No-one has ever actually weighed electrons. The fundamental axiom to Einstein's theory of General Relativity is the principle of Equivalence: that the inertial mass of all particles is identical to their gravitational mass. This has been proved by experiment of the particles composing the nuclei of atoms. It has not been proved for electrons. If for example: if it could be shown experimentally that electrons were, for example, not subject to gravity, with zero gravitational mass, Einstein's axiom would be proved wrong, and cosmological theory would need complete revision. It has only been possible hitherto to measure the inertial mass of electrons. No-one previously has been able to measure their gravitational mass, to assess the validity of Einstein's assumption. The experiments described here would be able to this. Two methods come to mind.

1. Gravimetric Chemistry
For the general case, consider the conversion of molecule S with molecular mass 'S' Daltons, into a molecule T with molecular mass 'T' Daltons. Let 's' be the number of electrons in S, and 't' be the number electrons in T. Let 'e' be the mass of an electron in Daltons. Bearing in mind that, generally, atomic masses are determined by Mass Spectrometry, and so are inertial masses, then if electrons do have gravitational weight: 1 gram of S will be produce T/S grams of T. But if electrons have no gravitational weight: (S-se) grams of S will produce (T-te) grams of T. So then 1 gram of S will produce (T-te)/(S-se) grams of T if electrons have no weight

If x is the difference in weight of product T from 1 gram of S

x = (T-te)/(S-se) - T/S
   = [S(T-te) - T(S-se)]/[S.(S-se)]
   = (sTe - tSe)/[S.(S-se)]
   ≈ e.(sT - tS)/(S2)             : equation 1
   ≈ e.(s/S - t/T).(T/S)             : equation 2
where e = 548 micrograms Although electrons only contribute about 548 micrograms per Gram Dalton, balances are now commercially available that can measure 2.5 grams to an accuracy of 1 microgram, such as the Sartorius Cubis Ultramicro Balance MSA.

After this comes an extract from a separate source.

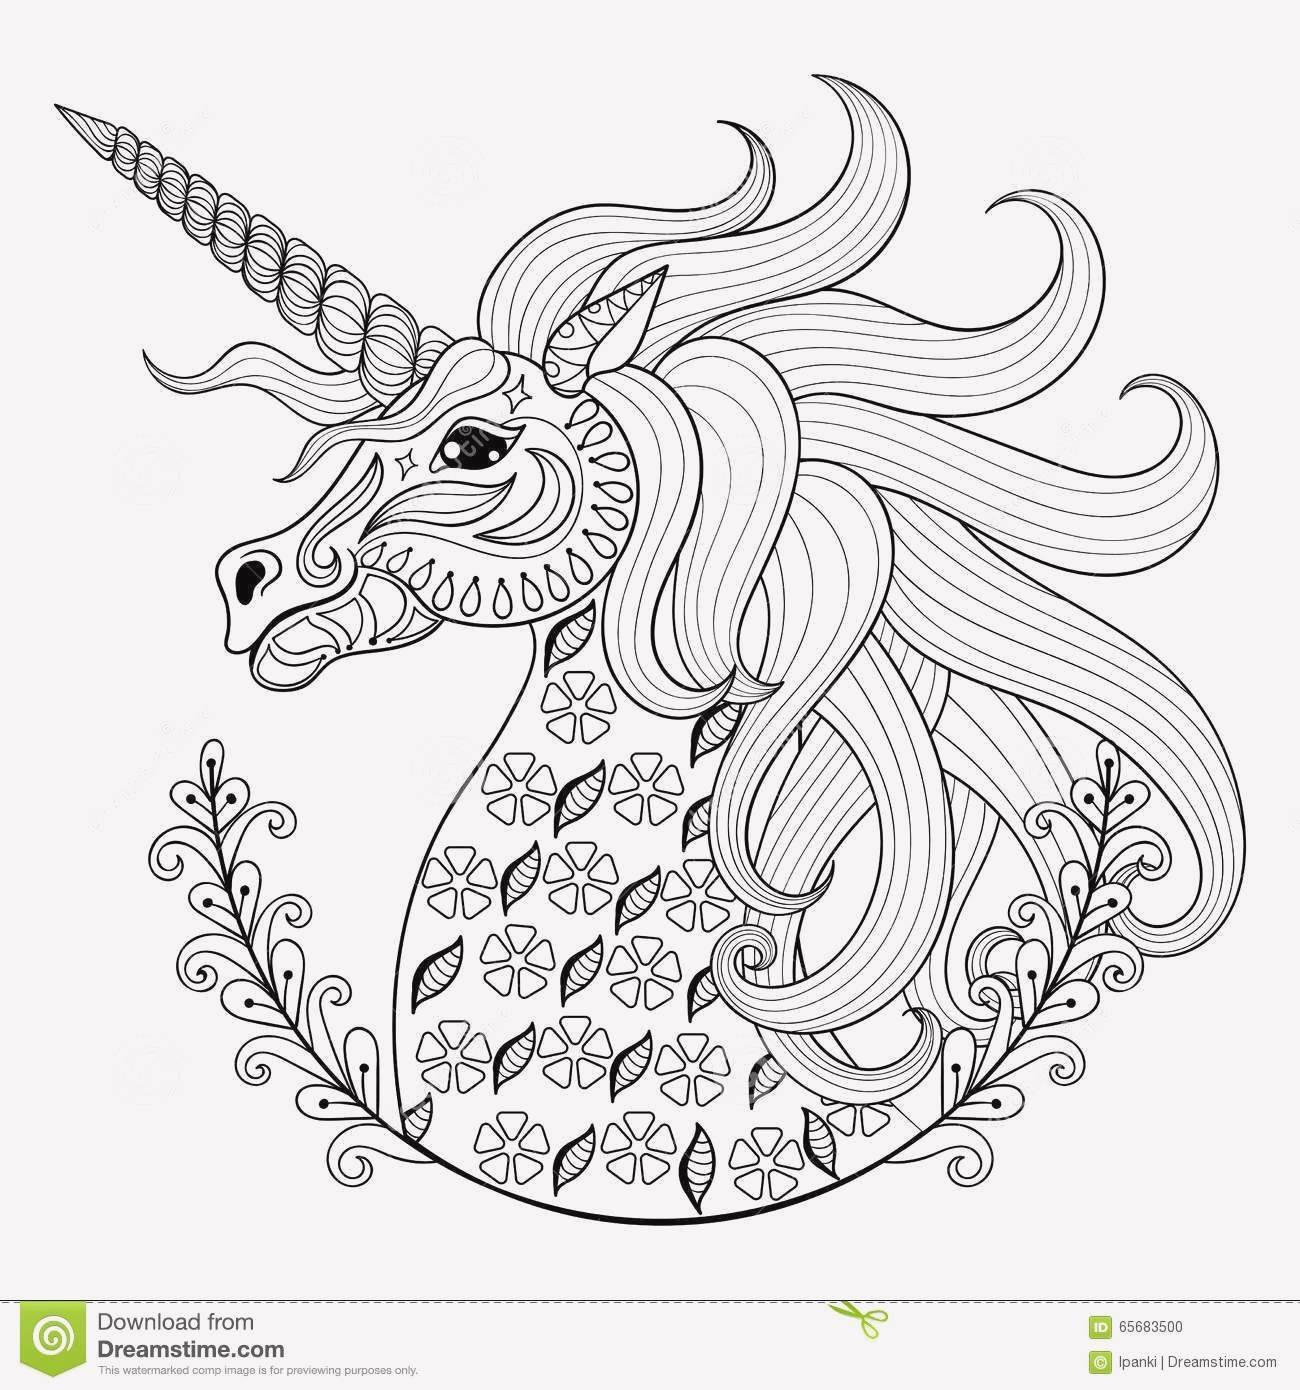 Pegasus Zum Ausmalen Neu 25 Fantastisch Malvorlage Pegasus

Electrons constitute the highest proportion of the mass of molecules that are composed of atoms of the lowest atomic number, so it is tempting to use the lightest elements for this experiment. However measurements based on chemical reactions can be complicated by changes in isotopic ratios for molecules containing elements with more than one naturally ocurring stable isotope. The lightest elements that have only one stable isope, and so avoid this fractionation, are Be and F.

Be -> BeF2

So let us consider the reaction:

Be + F2 -> BeF2

The principle is to find out what weight of BeF2 is produced from a weighed amount of Be.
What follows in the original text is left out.